How ​​to use the StatefulSet Resource Type to Deploy Services in Kato.

Component Deployment Type

By changing the component deployment type in the other settings of the service component, you can choose to deploy the service using the StatefulSet resource type. Pay attention to the following points before operating:

  • The component needs to be closed;
  • For service components with persistent storage, switching component deployment types will cause changes in storage mounting, so data backup must be done;

Kato provides four types of component deployment by default:

  • Stateful single instance: using StatefulSet to deploy services, horizontal scaling of instances is not possible, the number of instances is always 1;
  • Stateful multi-instance: Use StatefulSet to deploy services, and the number of instances can be scaled horizontally;
  • Stateless single instance: using Deployment to deploy services, horizontal scaling of instances is not possible, the number of instances is always 1;
  • Stateless multi-instance: Use Deployment to deploy services, and the number of instances can be scaled horizontally;

When you specify the component deployment type as StatefulSet in Kato, the service component will reflect the following characteristics:

  • In the multi-instance state, all instances will be sequential, and the naming of the instances will be similar to gr6ec114-0 gr6ec114-1, this sequence will be reflected in the full life cycle level, starting, updating, and restarting sequentially ,shut down.
  • The above host name will be resolved in the cluster. Under the same team, try to execute nslookup gr6ec114-0 in any POD. Under different teams, you need to specify the namespace. The full address of the resolvable address is: gr6ec114-0.gr6ec114.3be96e95700a480c9b37c6ef5daf3566.svc.cluster.local where 3be96e95700a480c9b37c6ef5daf3566 is the namespace.
  • In the multi-instance state, the persistent storage of each instance will be individually mounted, which means that persistent data is no longer shared between instances.
  • In the single instance state, when performing an update operation, the instance will be completely shut down and a new instance will be started, which means that the service will be interrupted.
  • To protect the consistency of persistent data, once a k8s node running a stateful service loses contact with the management node and is in the notready state, its stateful service instance will not be automatically migrated.

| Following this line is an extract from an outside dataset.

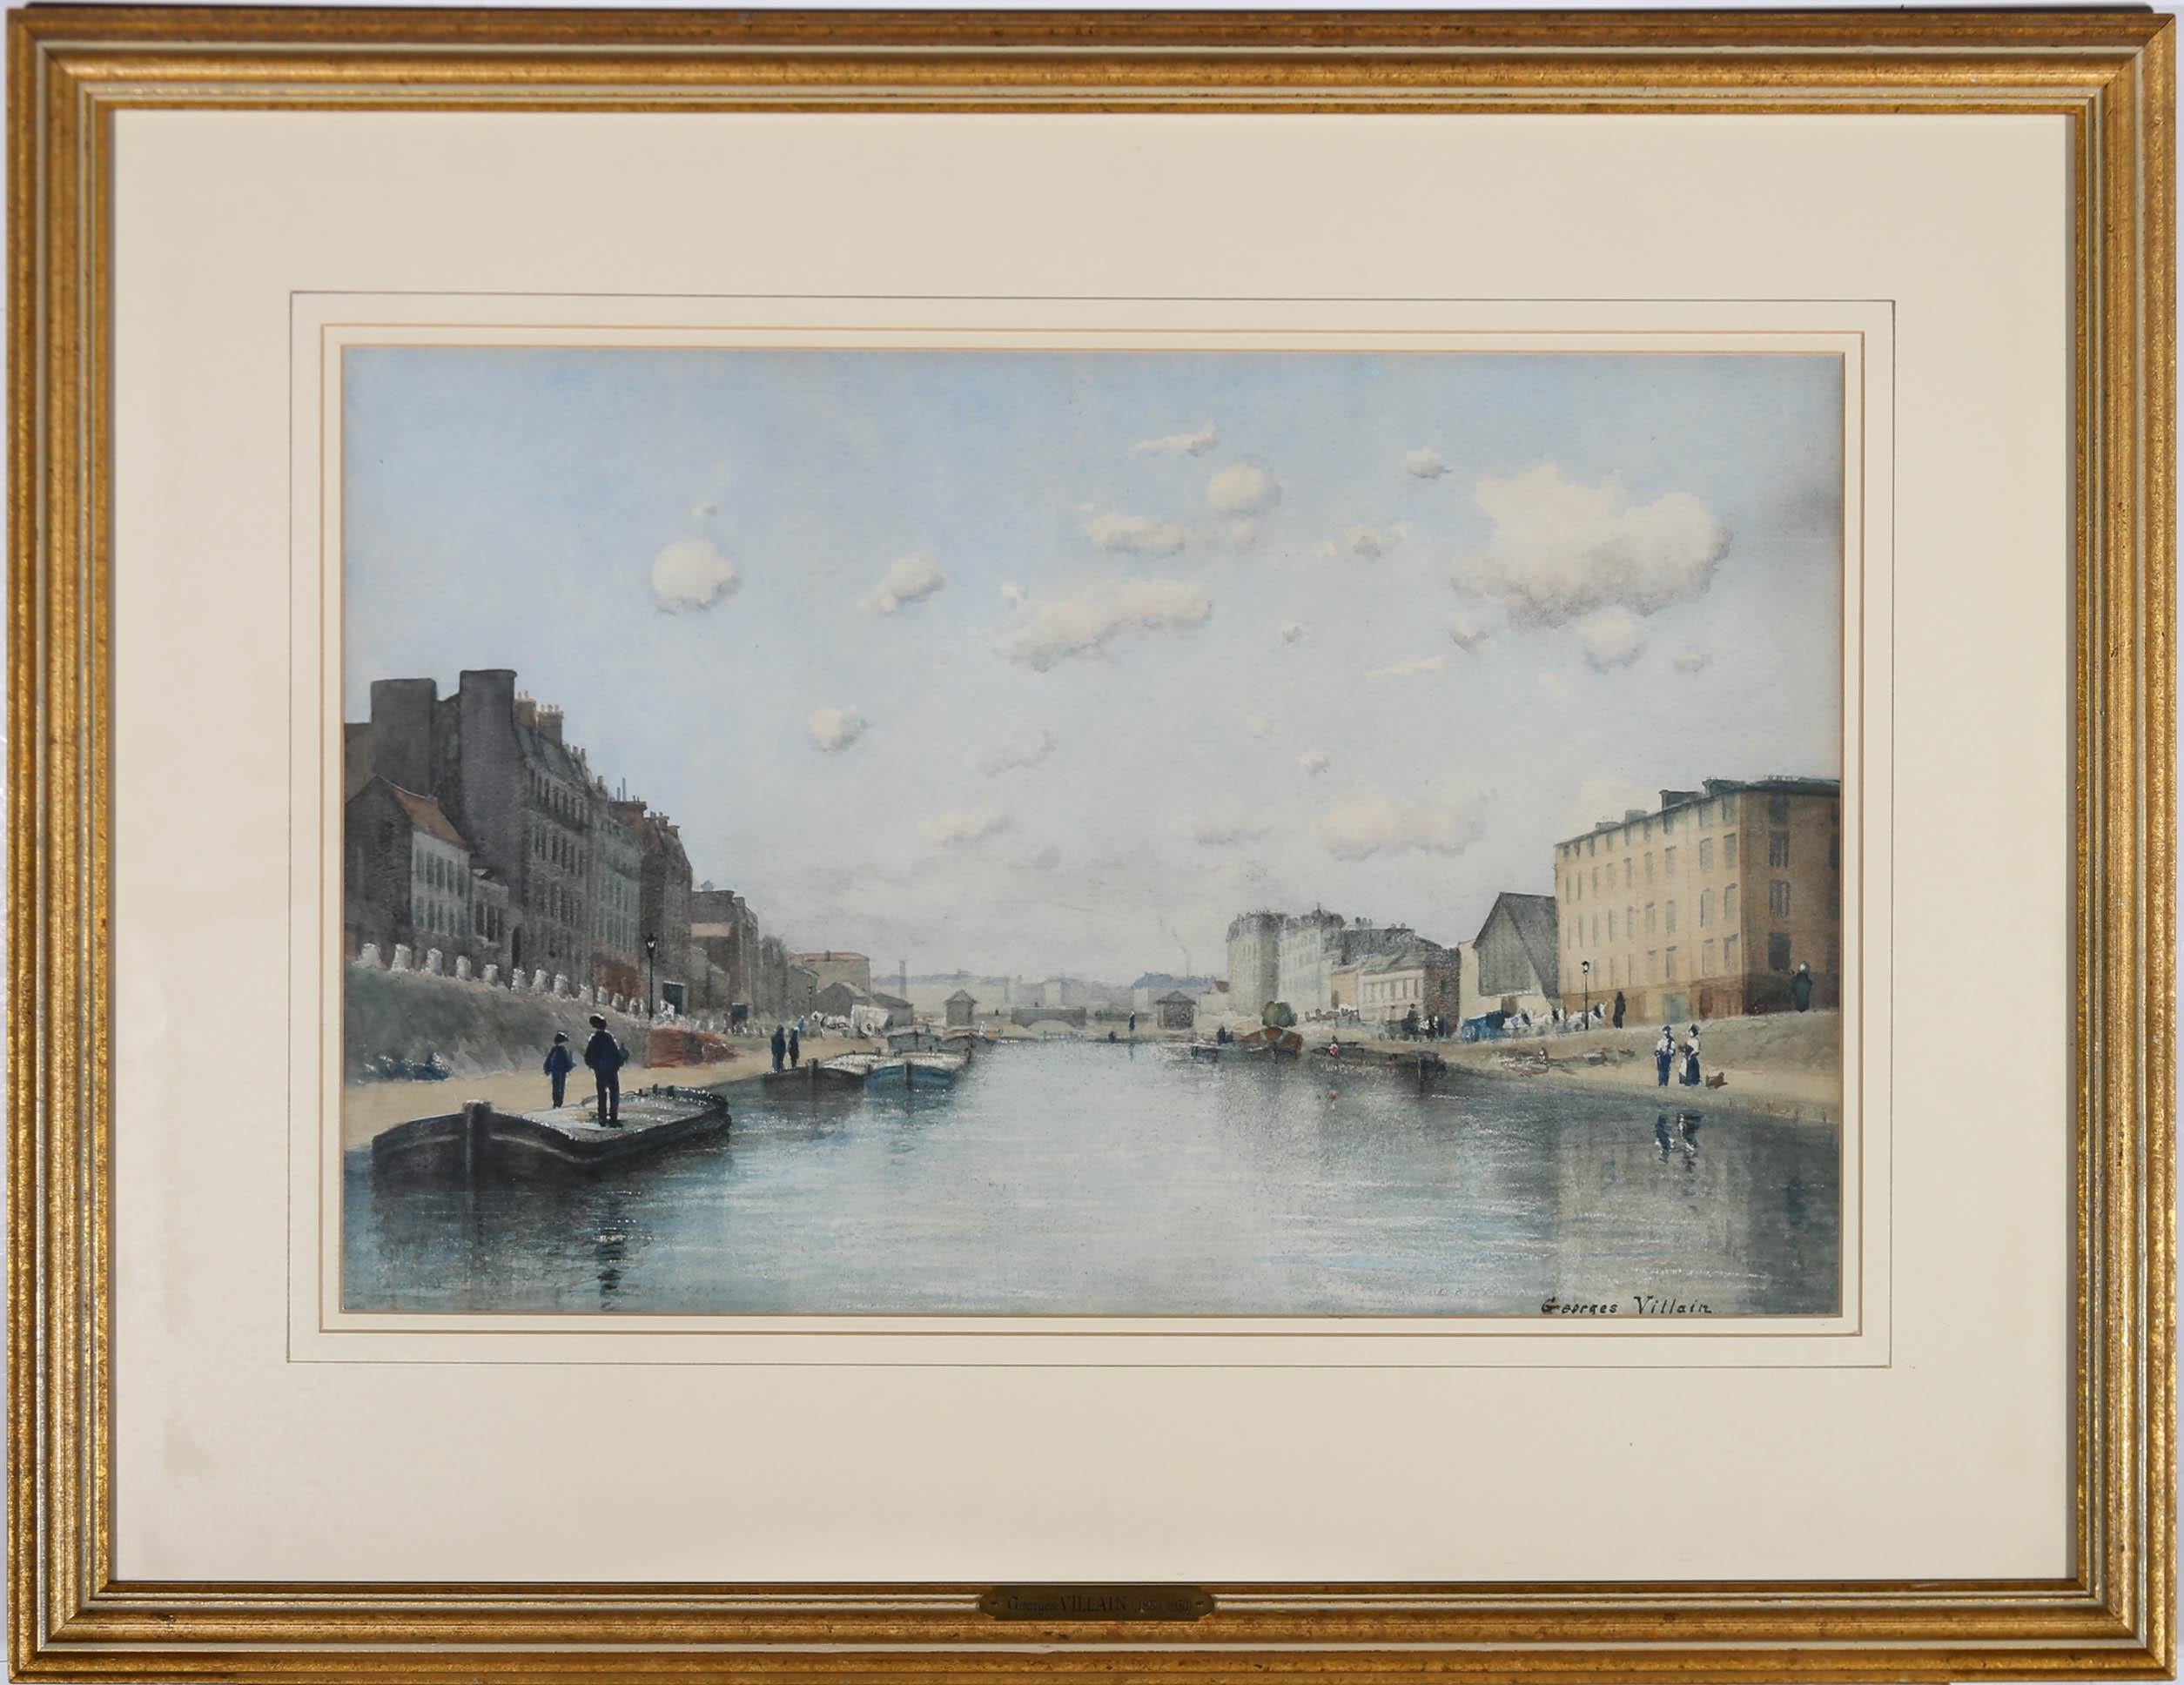 Eine perspektivische Flussszene in Aquarell von Georges Villain (1854-1930), die französische Stadthäuser parallel zu vertäuten Kähnen auf einer belebten Wasserstraße zeigt. Das Gemälde ist in der rechten unteren Ecke signiert. Gut präsentiert in
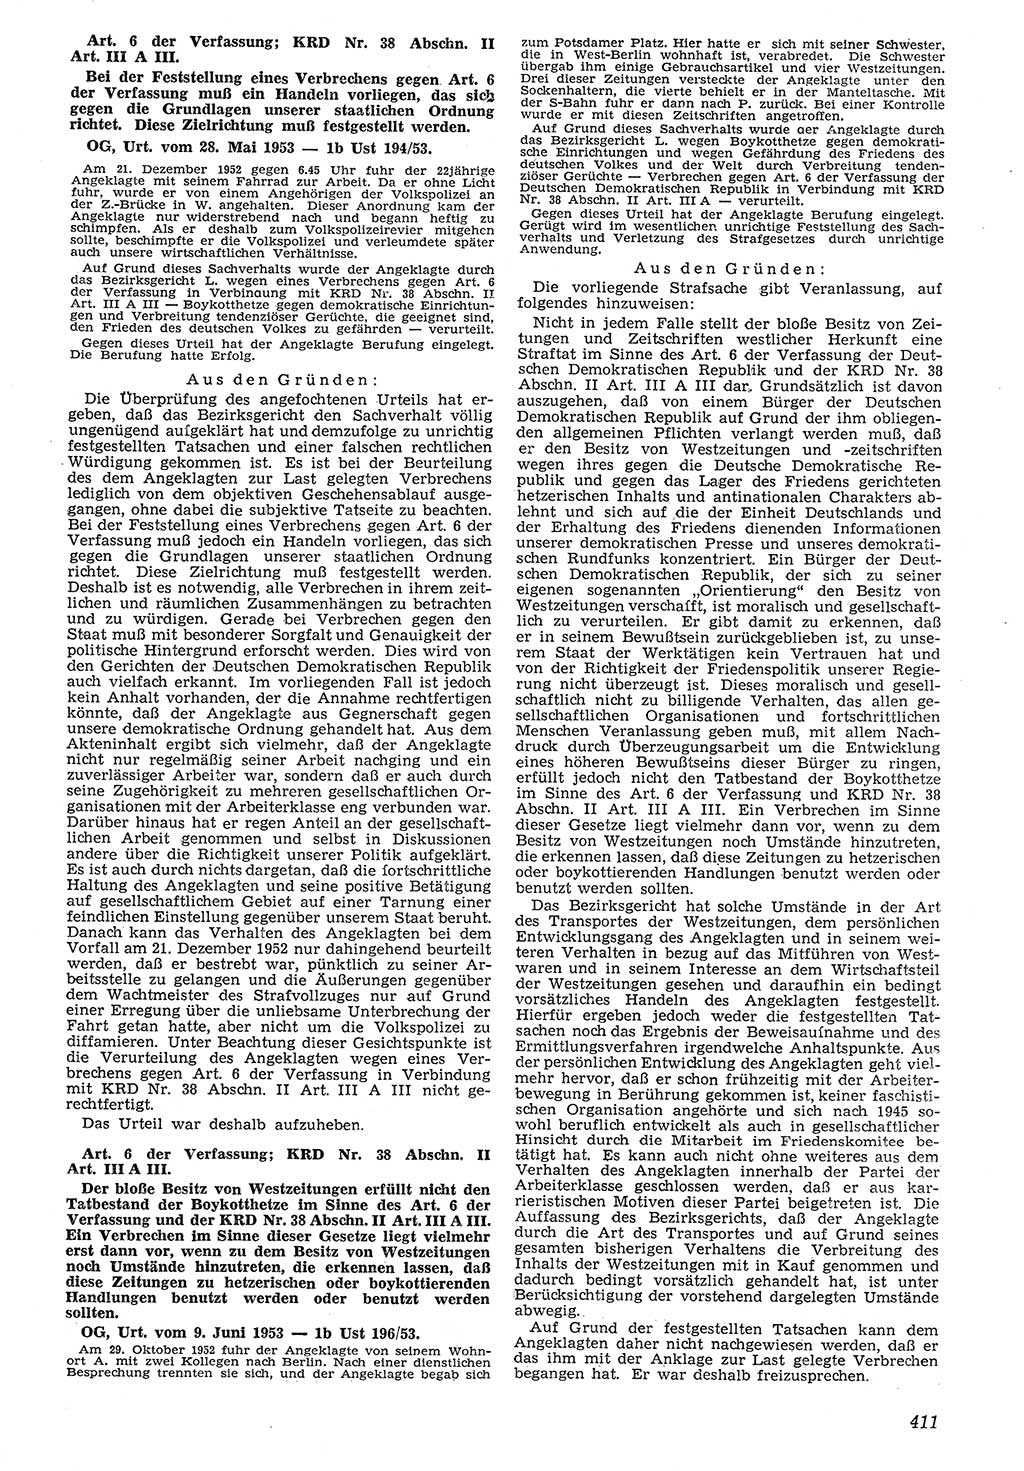 Neue Justiz (NJ), Zeitschrift für Recht und Rechtswissenschaft [Deutsche Demokratische Republik (DDR)], 7. Jahrgang 1953, Seite 411 (NJ DDR 1953, S. 411)

On the whole, the use of the StatefulSet resource type to deploy services brings new features and at the same time, it will appear to be a little dull, but the following discussion will find that these restrictions are meaningful.

Be careful, as you will surely find that we bind the resource type StatefulSet with “stateful”. Then, a new question emerged: what is the “state” of the service.

The “status” of the Service

Stateful service = Stateless application + stateful data

It can be seen from the name of the stateful service that it is related to the resource type of StatefulSet.

Simply speaking, it may be difficult to understand what a stateful service is. Let us give a few examples:

The most common stateful service is DB middleware.

For the common database Mysql, the same data can only be used by one Mysql program at the same time. After Mysql is started, it will generate a unique lock file in its own data directory and “lock” this file. In this way, other Mysql programs that want to use this data will interrupt the startup process because they find that the lock file is “locked”. The advantage of this is to ensure strong data consistency, because the same data can only be read and written by the same Mysql application at the same time.

Please recall that one of the features brought by the StatefulSet resource type is that each instance will mount an independent persistent storage, which can ensure that the Mysql service can be extended to multiple instances to run, and will not be locked due to file locks. Terminate the startup, but because the data is not shared between each other, there is essentially no relationship between the instances. Running Mysql using a stateful single instance seems to be the most correct choice.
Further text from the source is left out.